This is one of the most significant things about the BeOS BFS filesystem, and
something I'd dearly love to see Linux adopt.  It makes an app very efficient,
you just get notified when a directory changes and you never waste time polling.

I think it would require changes to the VFS layer, not just to the filesystems,
because this is a concept POSIX filesystems do not presently possess.

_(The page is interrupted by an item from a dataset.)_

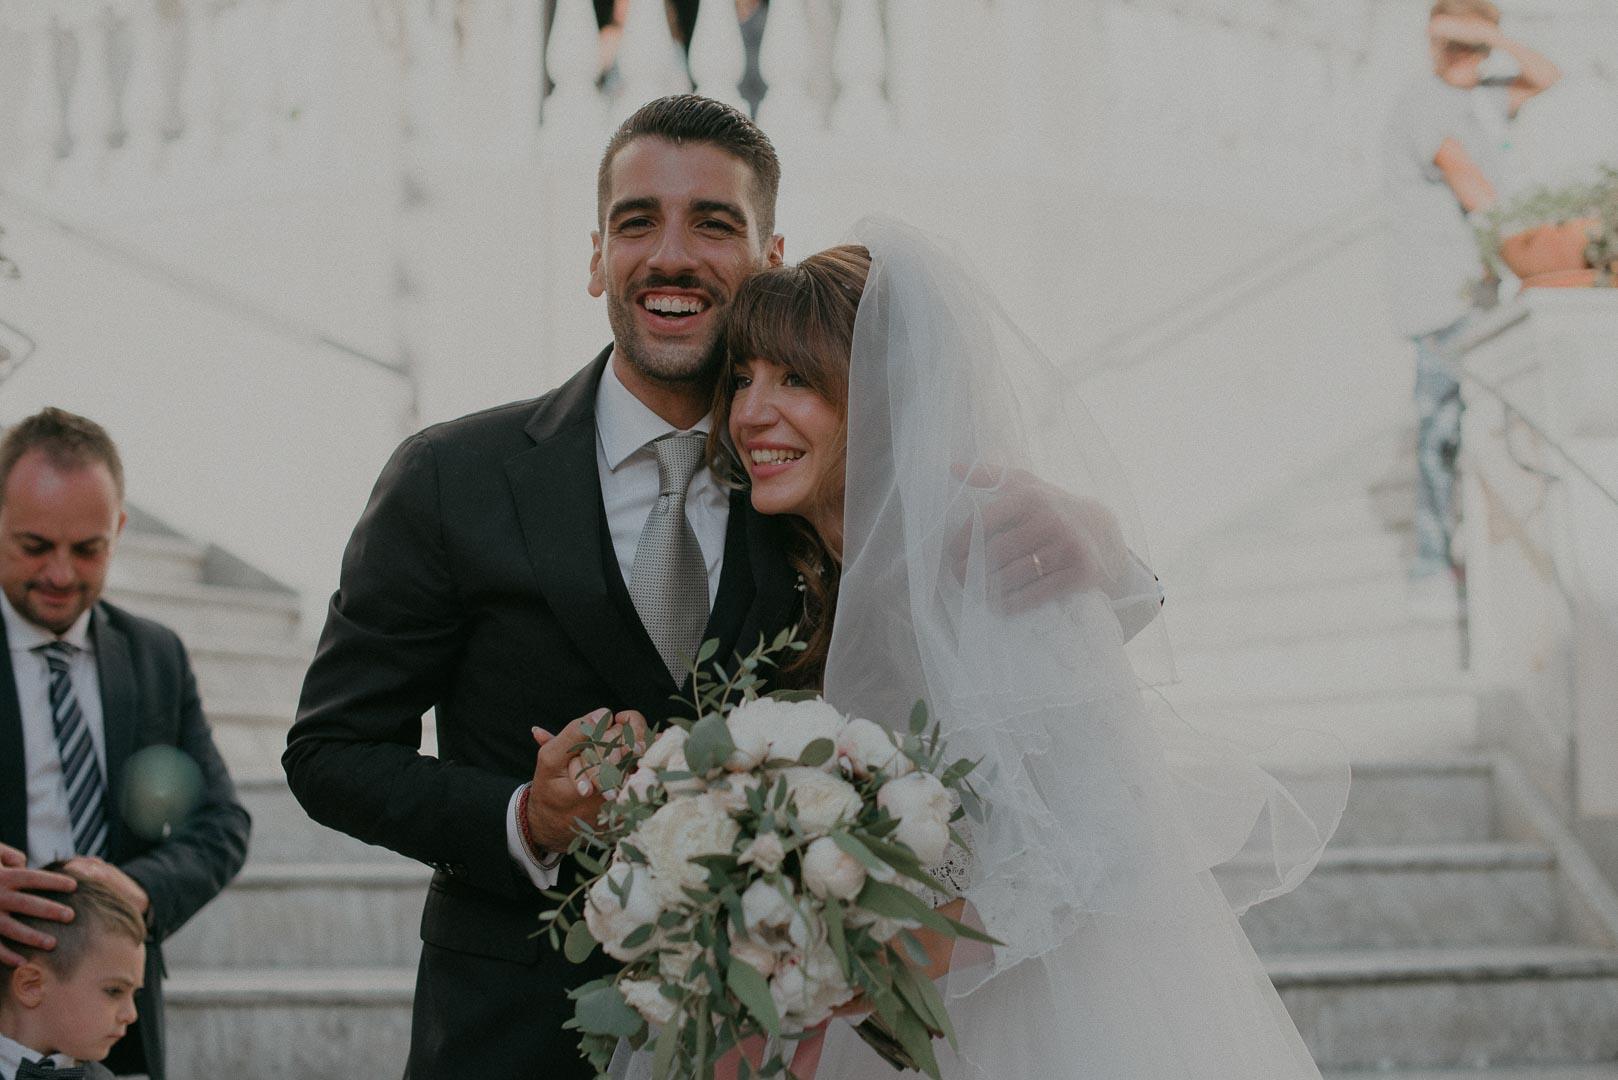 wedding-photographer-destination-fineart-bespoke-reportage-napoli-nabilah-vivianeizzo-spazio46-80

The other is indexed filesystem attributes, for example a file can have its
mimetype in the filesystem, and any application can add an attribute and have it
indexed.

There's a method to do boolean queries on indexed attributes, and you can find
files in an entire filesystem that match a query in a blazingly short time, much
faster than walking the directory tree.

If you want to try out the BeOS, there's a free-as-in-beer version at
http://free.be.com for Pentium PC's.  You can also purchase a version that comes
for both PC's and certain PowerPC macs.

There are read-only versions of this for Linux which I believe are under the
GPL.  The original author is here:

http://hp.vector.co.jp/authors/VA008030/bfs/

He refers you to here to get a version that works under 2.2.16:

http://milosch.net/beos/

The author's intention was to take it read-write, but it's complex because it is
a journaling filesystem.

Daniel Berlin, a BeOS developer modified the Linux BFS driver so it works with
2.4.0-test1.  I don't know if it works with 2.4.0.  The web site where it used
to be posted isn't there anymore, and the laptop where I had it is in for
repair.  I may have it on a backup, and I'll see if I can track Daniel down.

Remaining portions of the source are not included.